_Aim of the exercise_: Drop the images, then output the listing exactly.

_Information provided_:
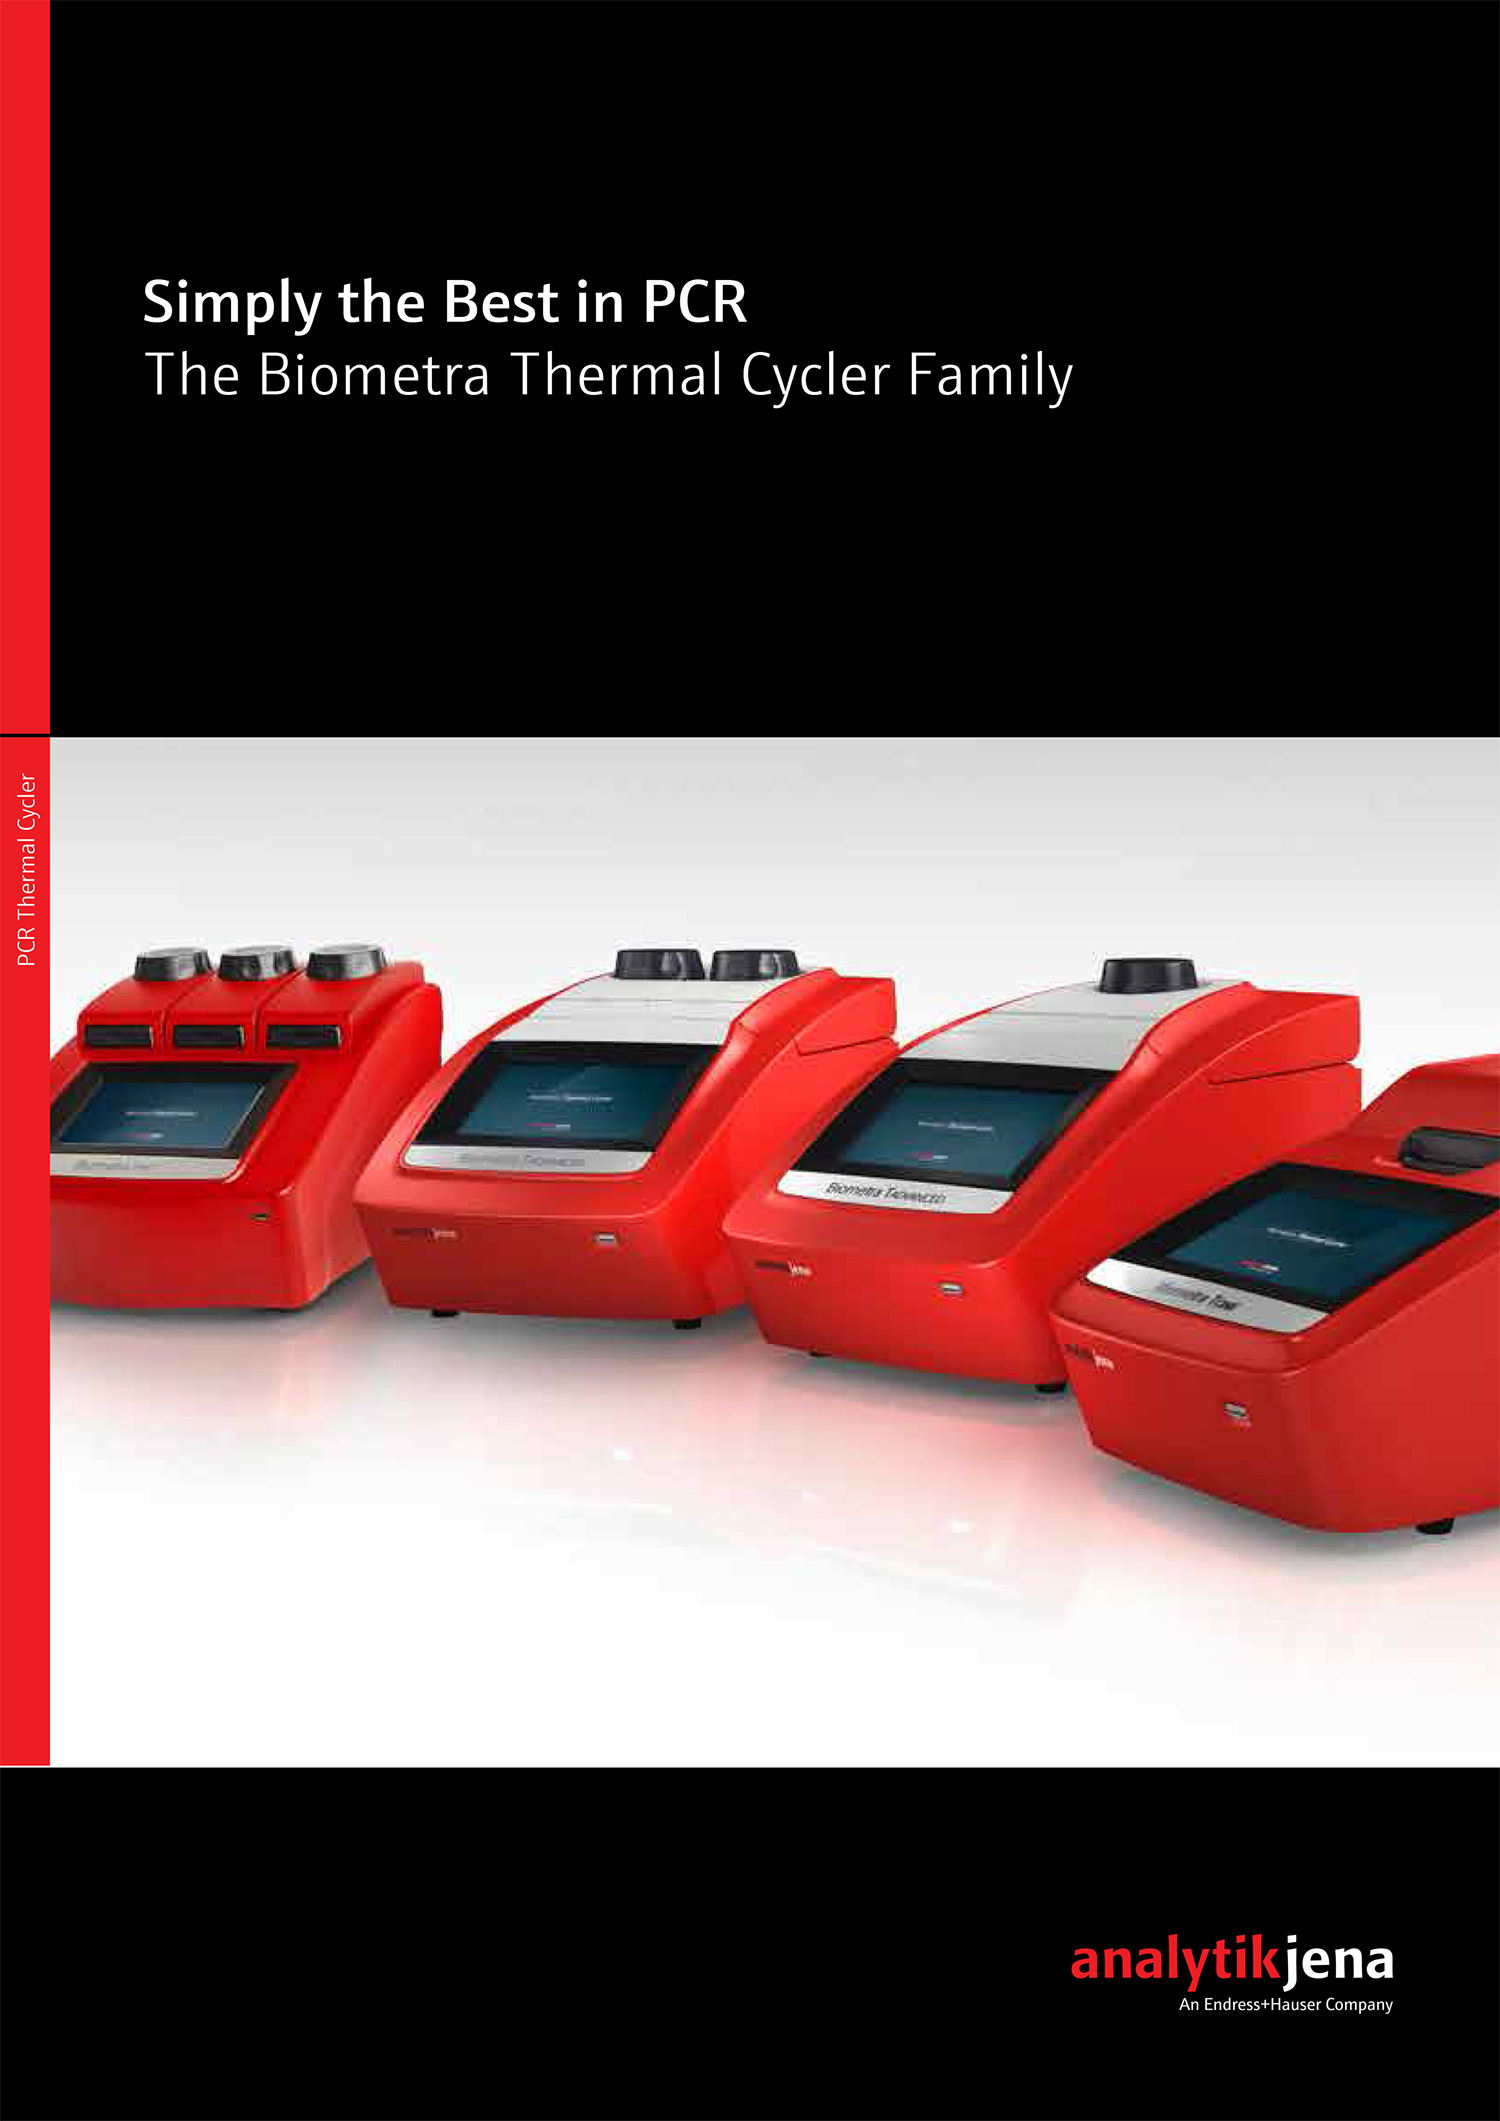 The Biometra Thermal Cycler Family
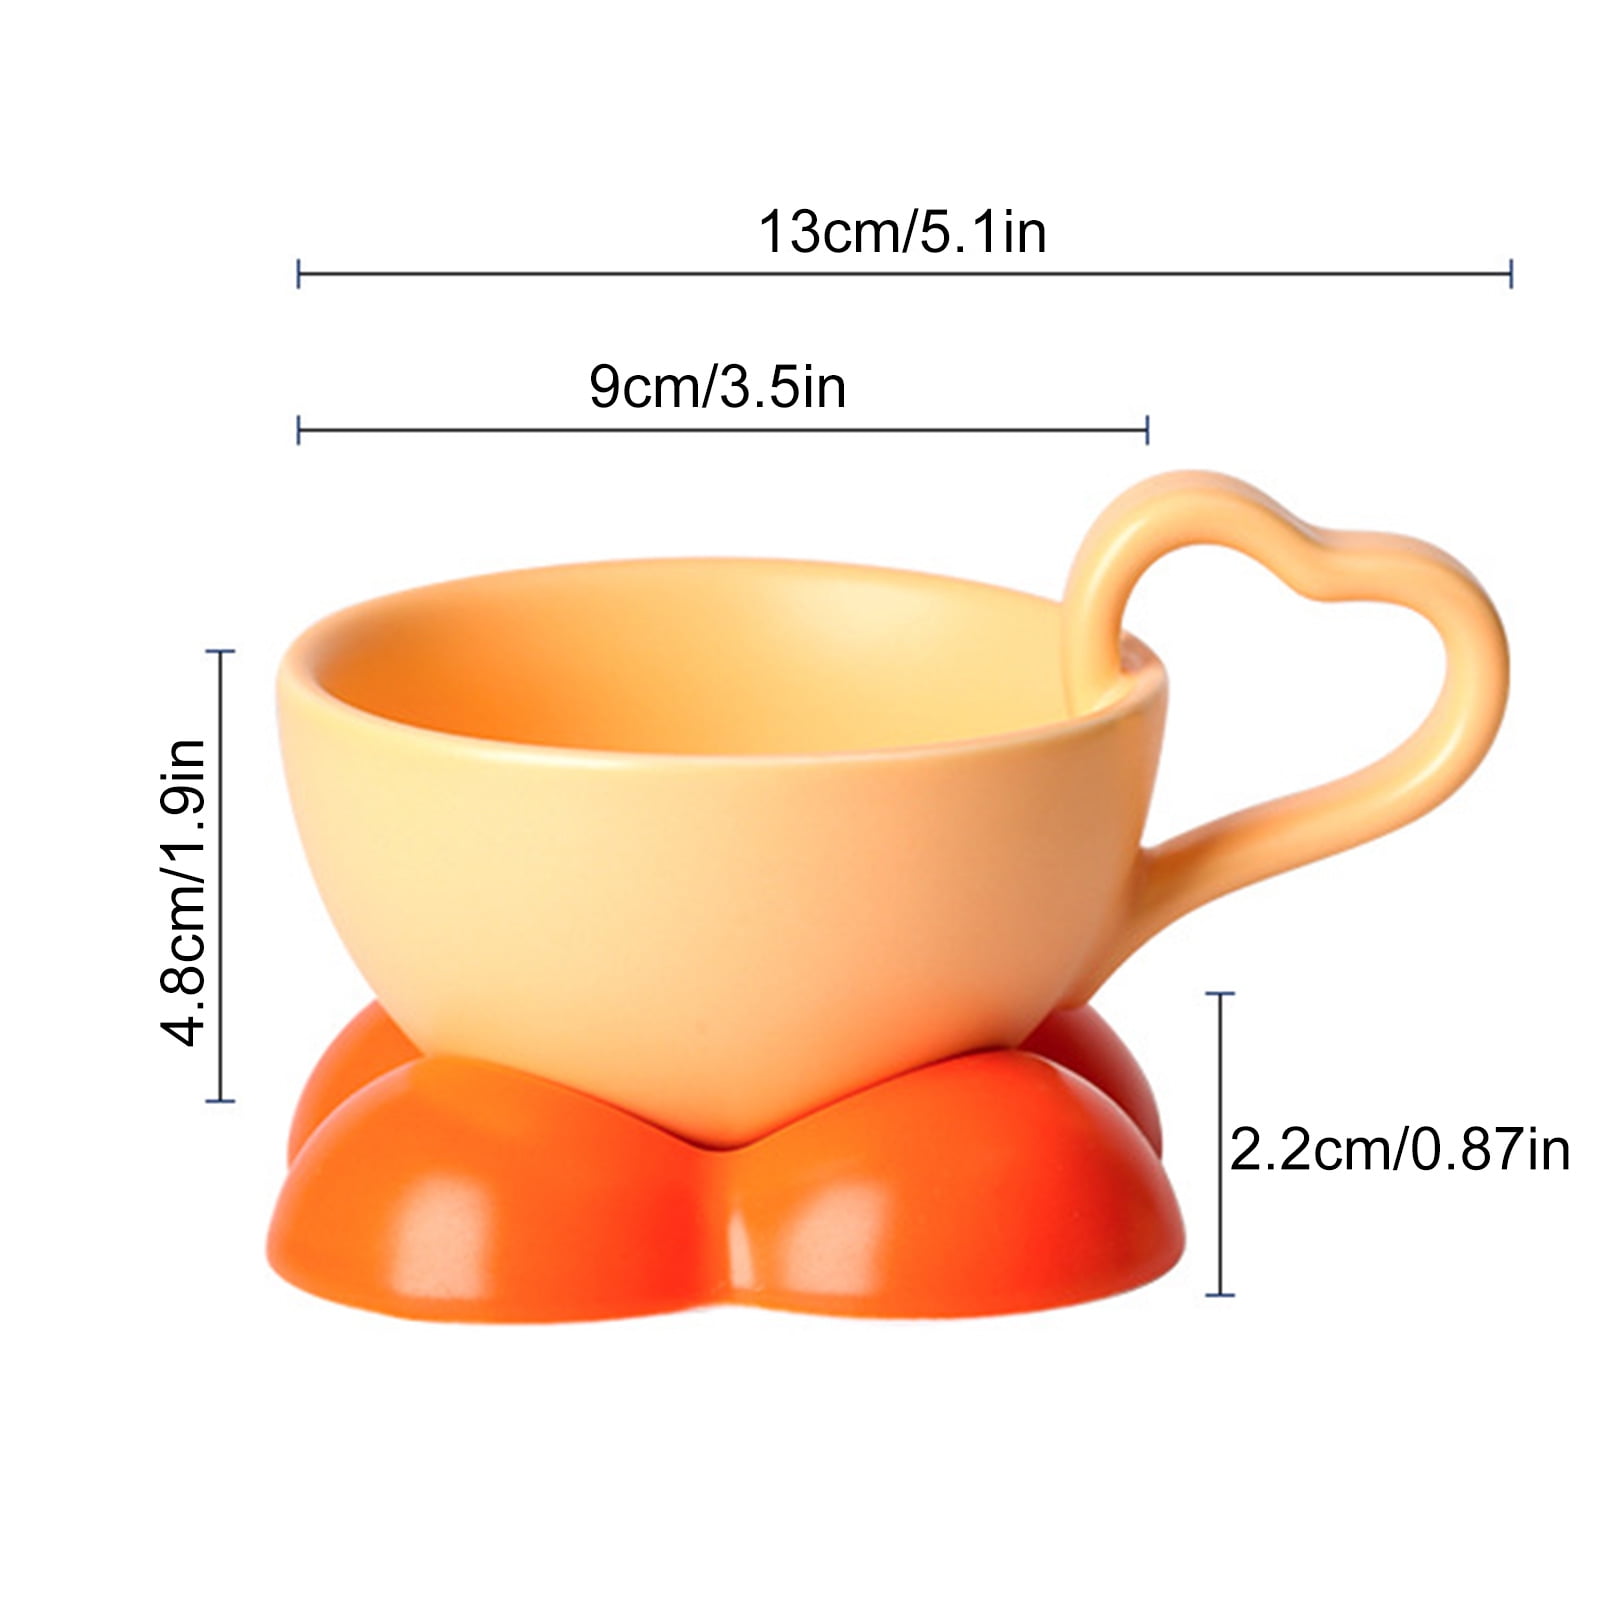 300ml 10oz Heart Shape Coffee Mug Creative Personality Unique Design  Ceramic Cup with Heart Shape Handle Lovely Gift for Besties
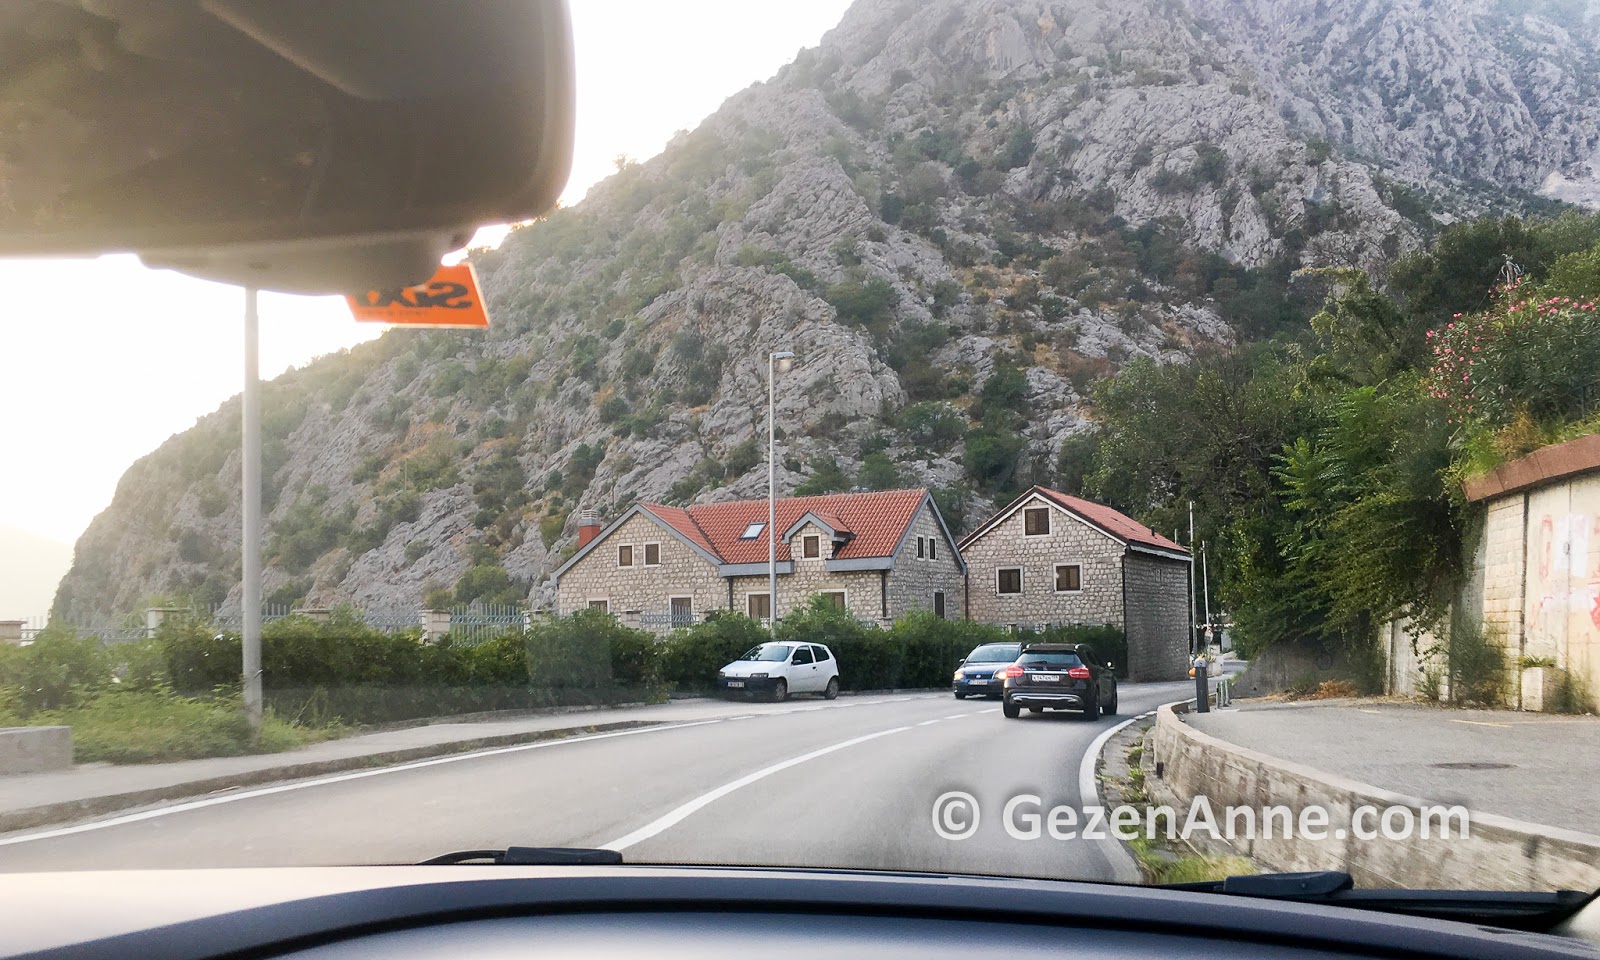 The roads in Montenegro on our Kotor to Mostar trip.
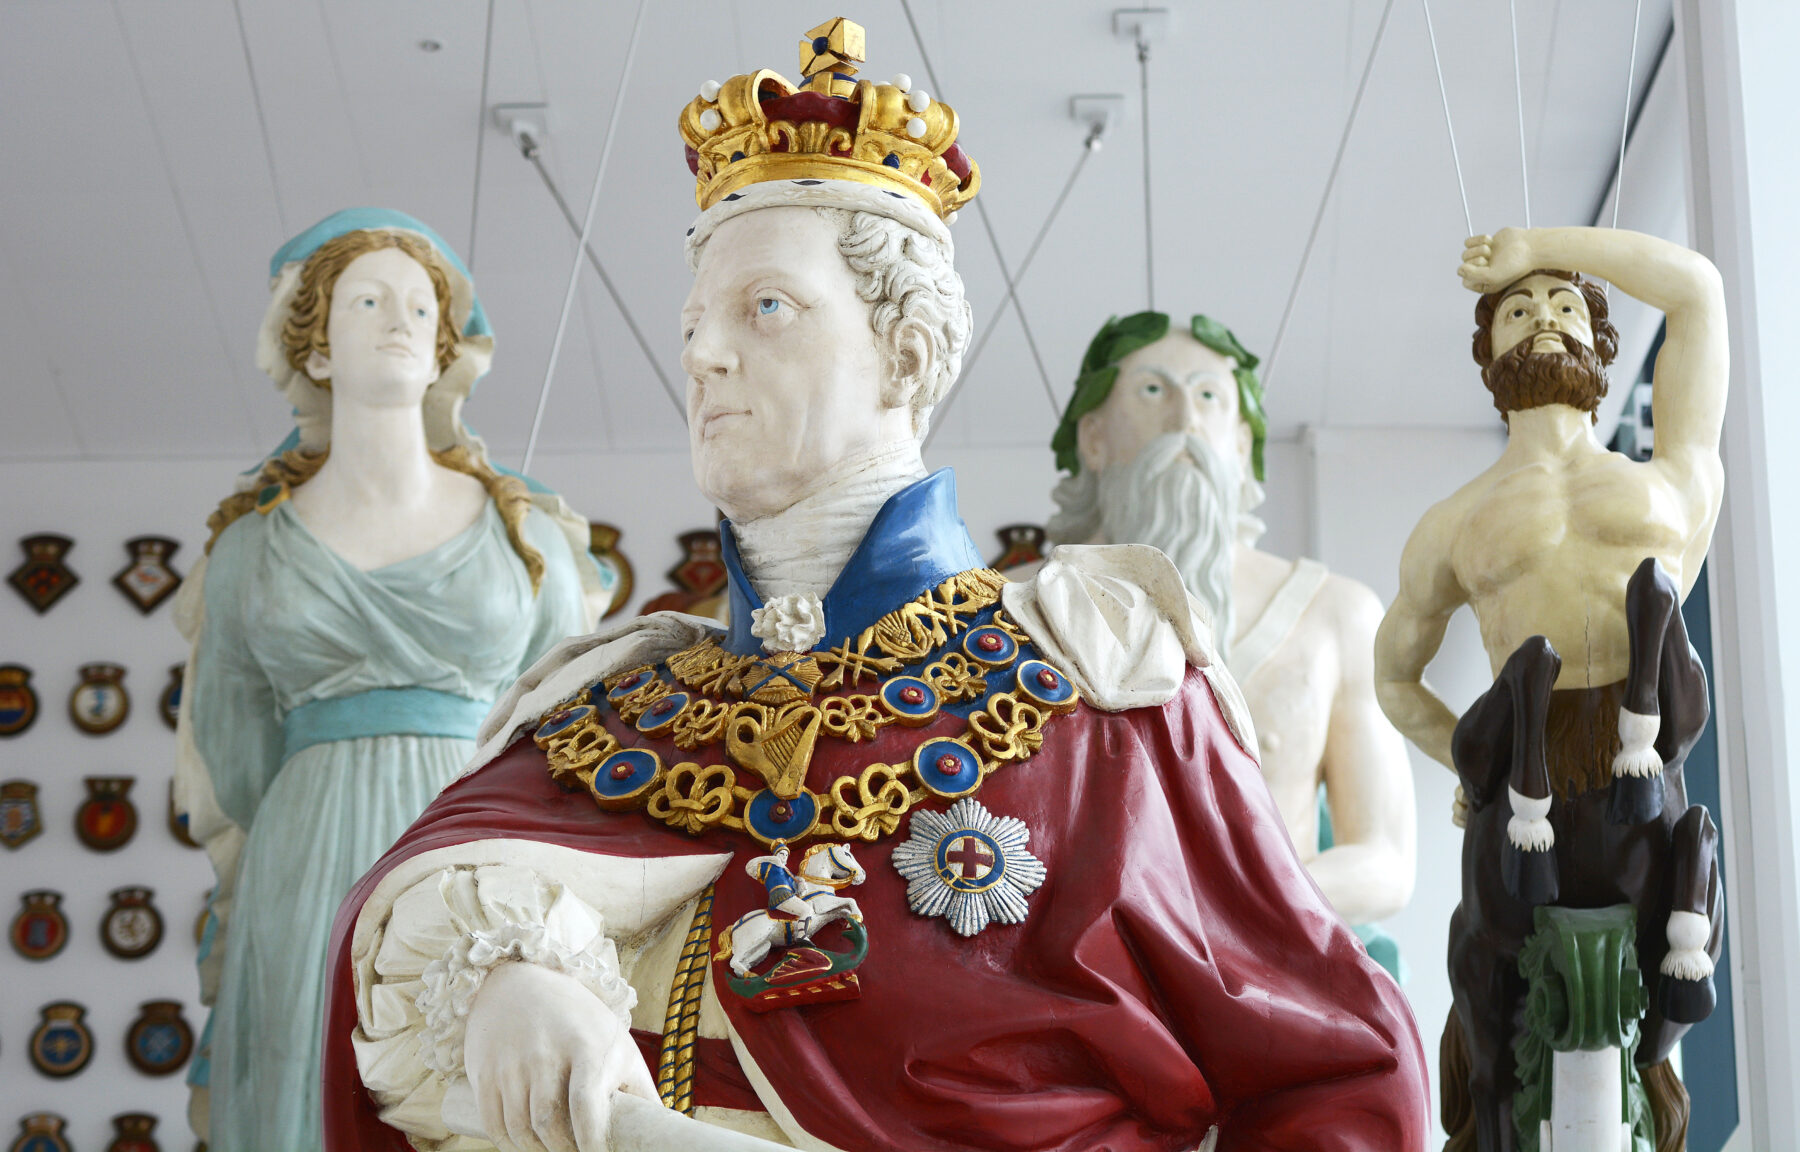 Royal Naval ship's figureheads on display at The Box, Plymouth

_Task answer_:
 The Biometra Thermal Cycler Family
 300ml 10oz Heart Shape Coffee Mug Creative Personality Unique Design  Ceramic Cup with Heart Shape Handle Lovely Gift for Besties
 The roads in Montenegro on our Kotor to Mostar trip.
 Royal Naval ship's figureheads on display at The Box, Plymouth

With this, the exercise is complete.